To unsubscribe from this group and all its topics, send an email to wazuh+un...@googlegroups.com.
To view this discussion visit https://groups.google.com/d/msgid/wazuh/8c4991b9-8d58-4652-8491-1f594b9d63cen%40googlegroups.com.

[Md. Nazmur Sakib]

Hi shiyas,

Sorry for the late response.

Please configure your Suricata configuration following this document:
https://documentation.wazuh.com/current/proof-of-concept-guide/integrate-network-ids-suricata.html



Modify Suricata settings in the /etc/suricata/suricata.yaml file and set the following variables:

HOME_NET: "<UBUNTU_IP>"

EXTERNAL_NET: "any"

default-rule-path: /etc/suricata/rules

rule-files:

- "*.rules"

# Global stats configuration

stats:

enabled: yes

# Linux high speed capture support

af-packet:

 - interface: enp0s3

- interface represents the network interface you want to monitor. Replace the value with the interface name of the Ubuntu endpoint.

And restart the service.

sudo systemctl restart suricata

If this doesnt solve the issue.

You can check suricata.log for potential hint

cat /var/log/suricata/suricata.log

Let me know if you need any further assistance.

[shiyas s]

hi Nazmur,

       I checked this document for the Ubuntu endpoint, do you have any documents for Windows endpoints. my endpoints are Windows PCs.

Thanks & regards

SHIYAS

: 00966549184899

To view this discussion visit https://groups.google.com/d/msgid/wazuh/21b60765-0838-42db-86f2-46168e2dbf90n%40googlegroups.com.

[Md. Nazmur Sakib]

We do not have any reference document for the Suricata configuration for Windows.

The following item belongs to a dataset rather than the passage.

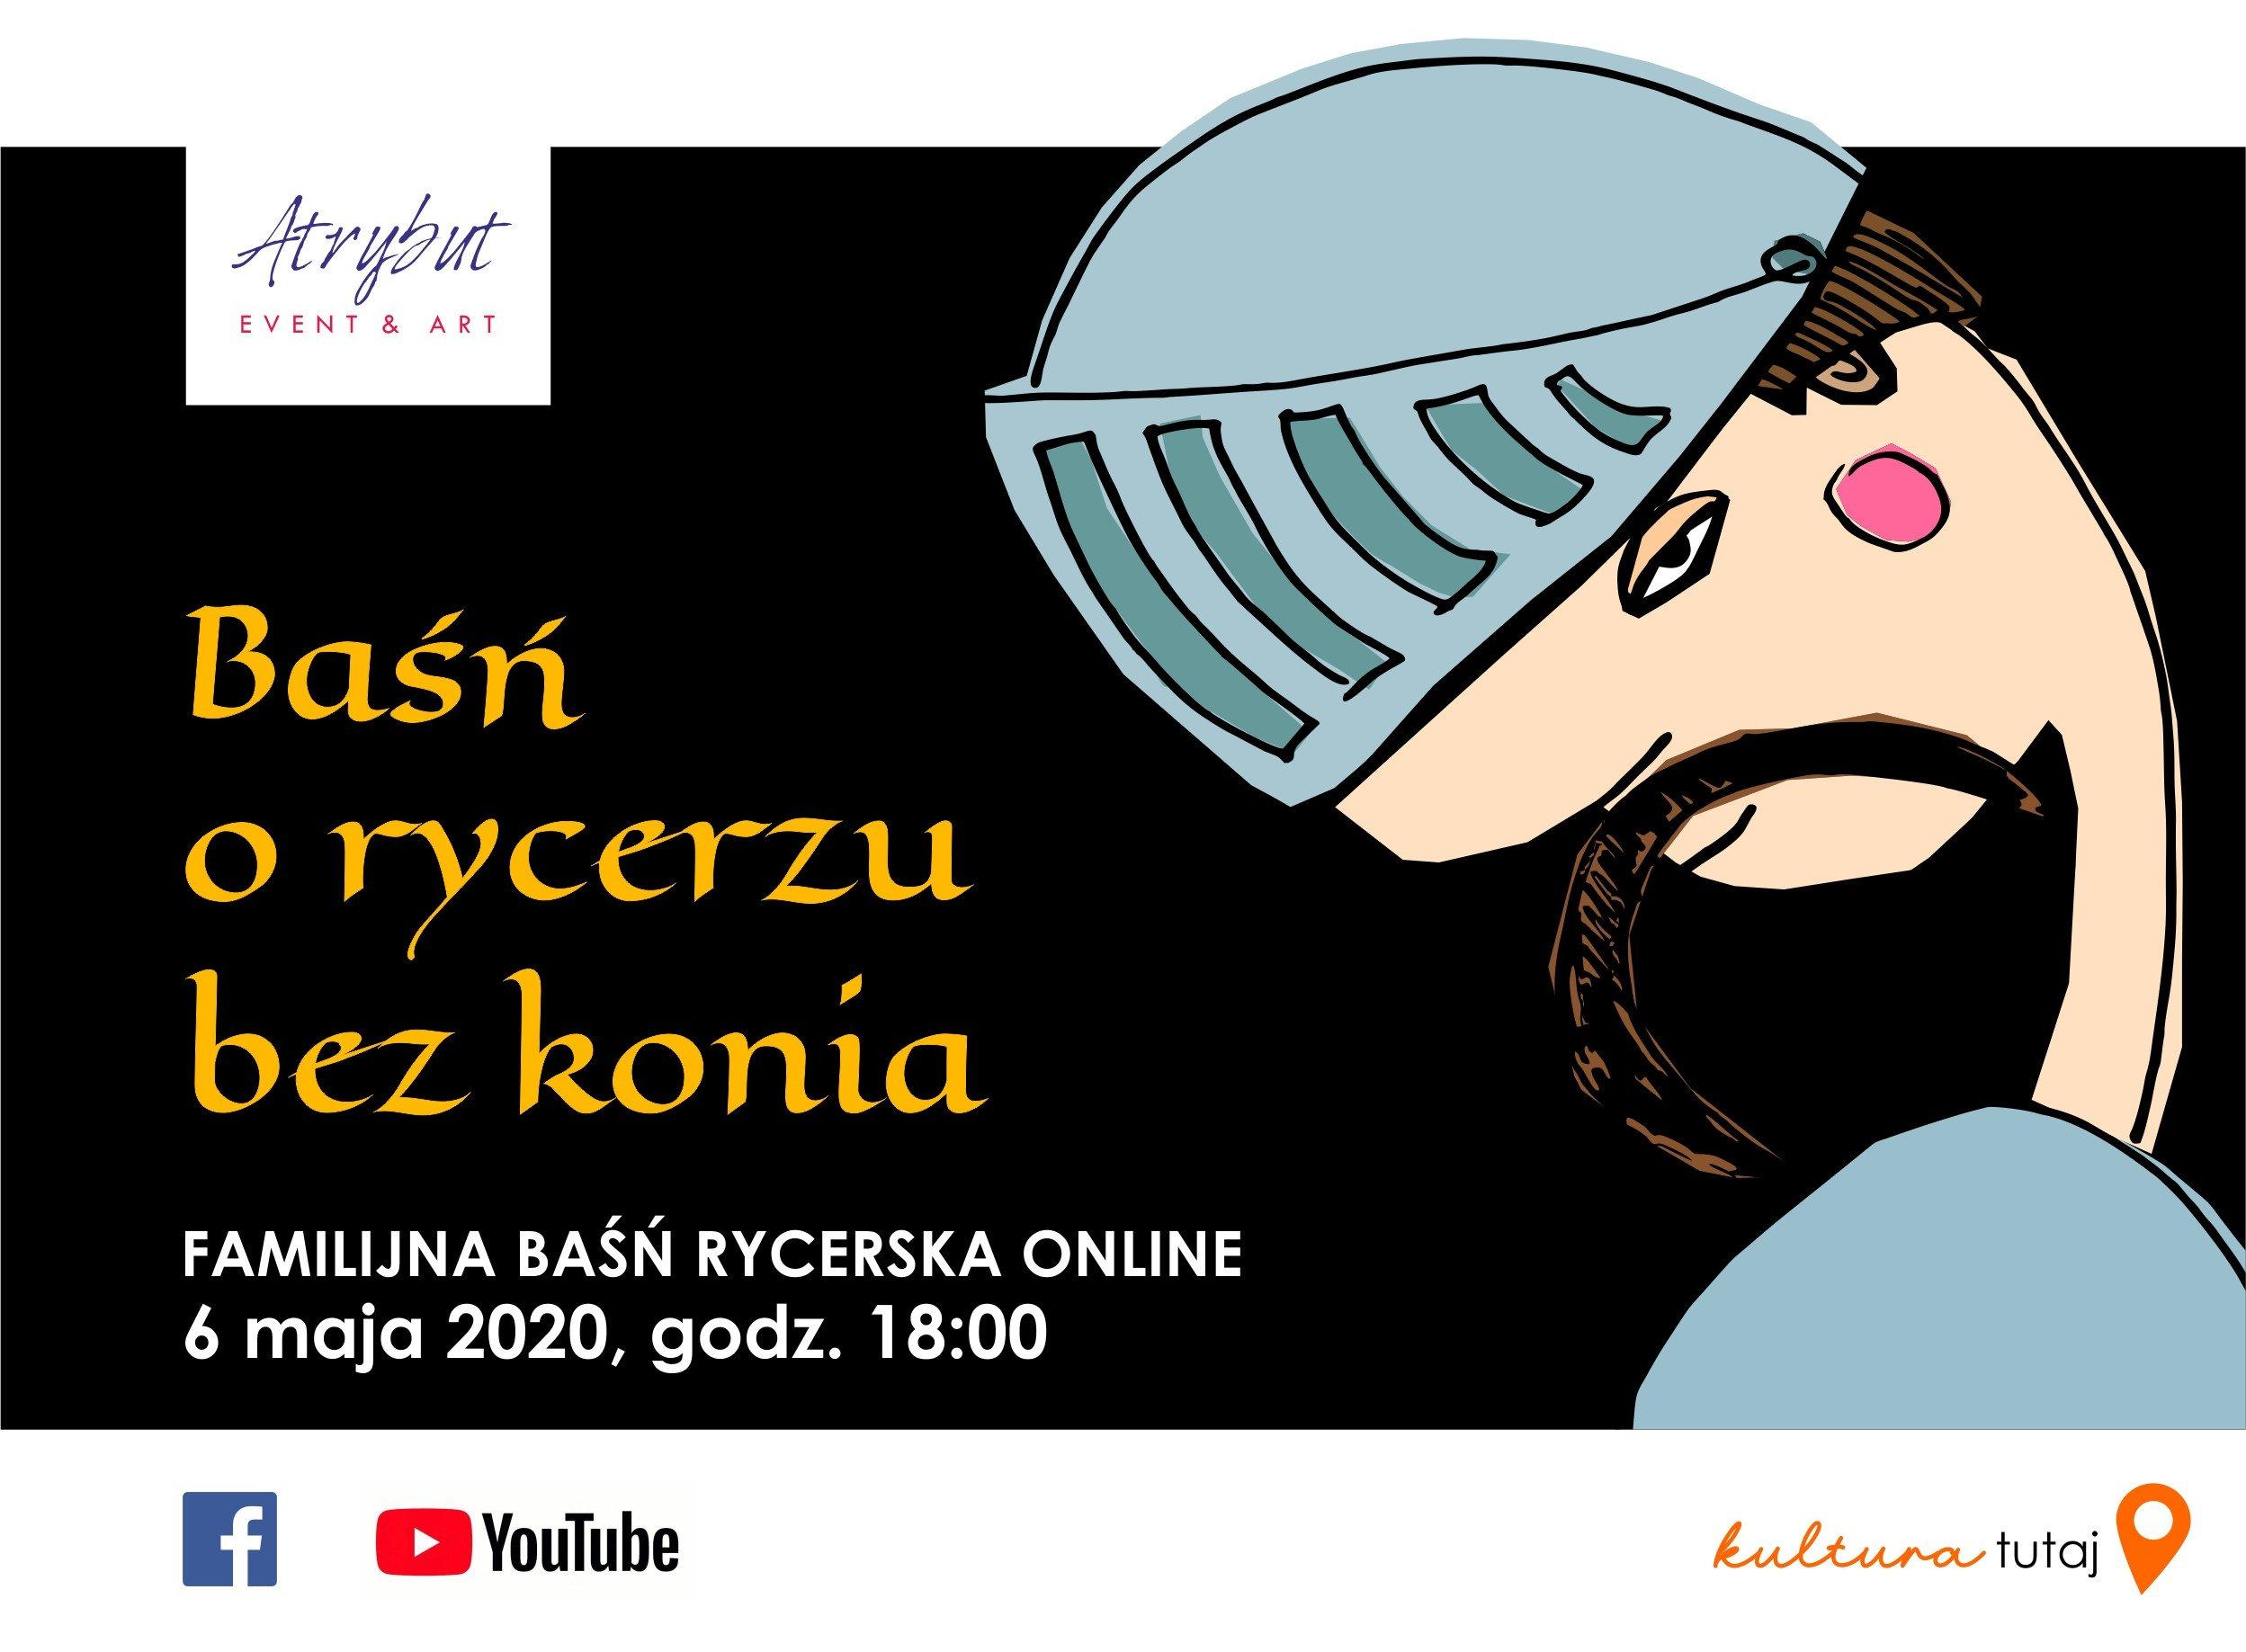 Familijna baśń rycerska po raz pierwszy online: Baśń o rycerzu bez konia

Based on the Suricata document you can install and configure it on a Windows machine as well.

https://suricata.io/download/
https://suricata.io/documentation/

After configuring Suricata you can install an agent on the Windows endpoint and configure <localfile> mentioning the eve.json file path to forward the Suricata logs to Wazuh.

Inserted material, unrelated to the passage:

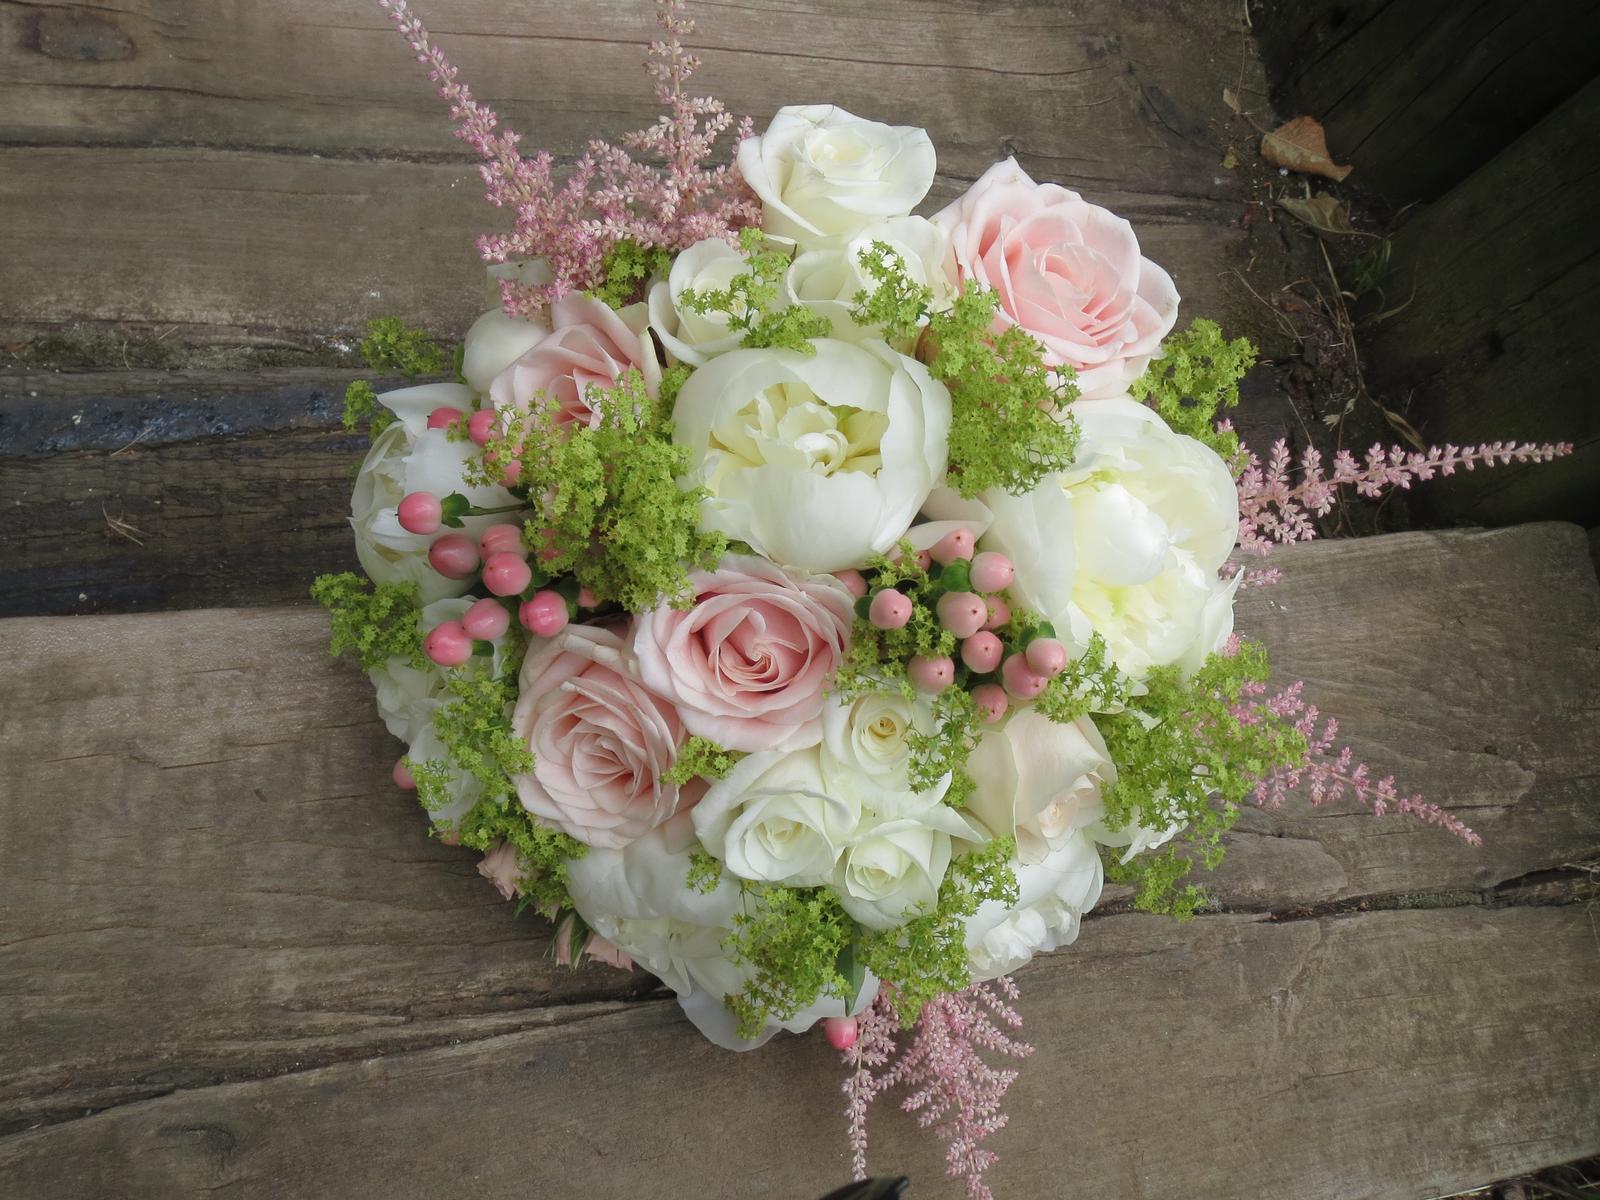 Kolik Stoji Kvetinova Vyzdoba Svatebni Vyzdo

https://documentation.wazuh.com/current/user-manual/capabilities/log-data-collection/monitoring-log-files.html


Next, you might need to write custom rules to trigger alerts.

https://documentation.wazuh.com/current/user-manual/ruleset/rules/custom.html

https://documentation.wazuh.com/current/user-manual/ruleset/index.html

I hope you find this information useful.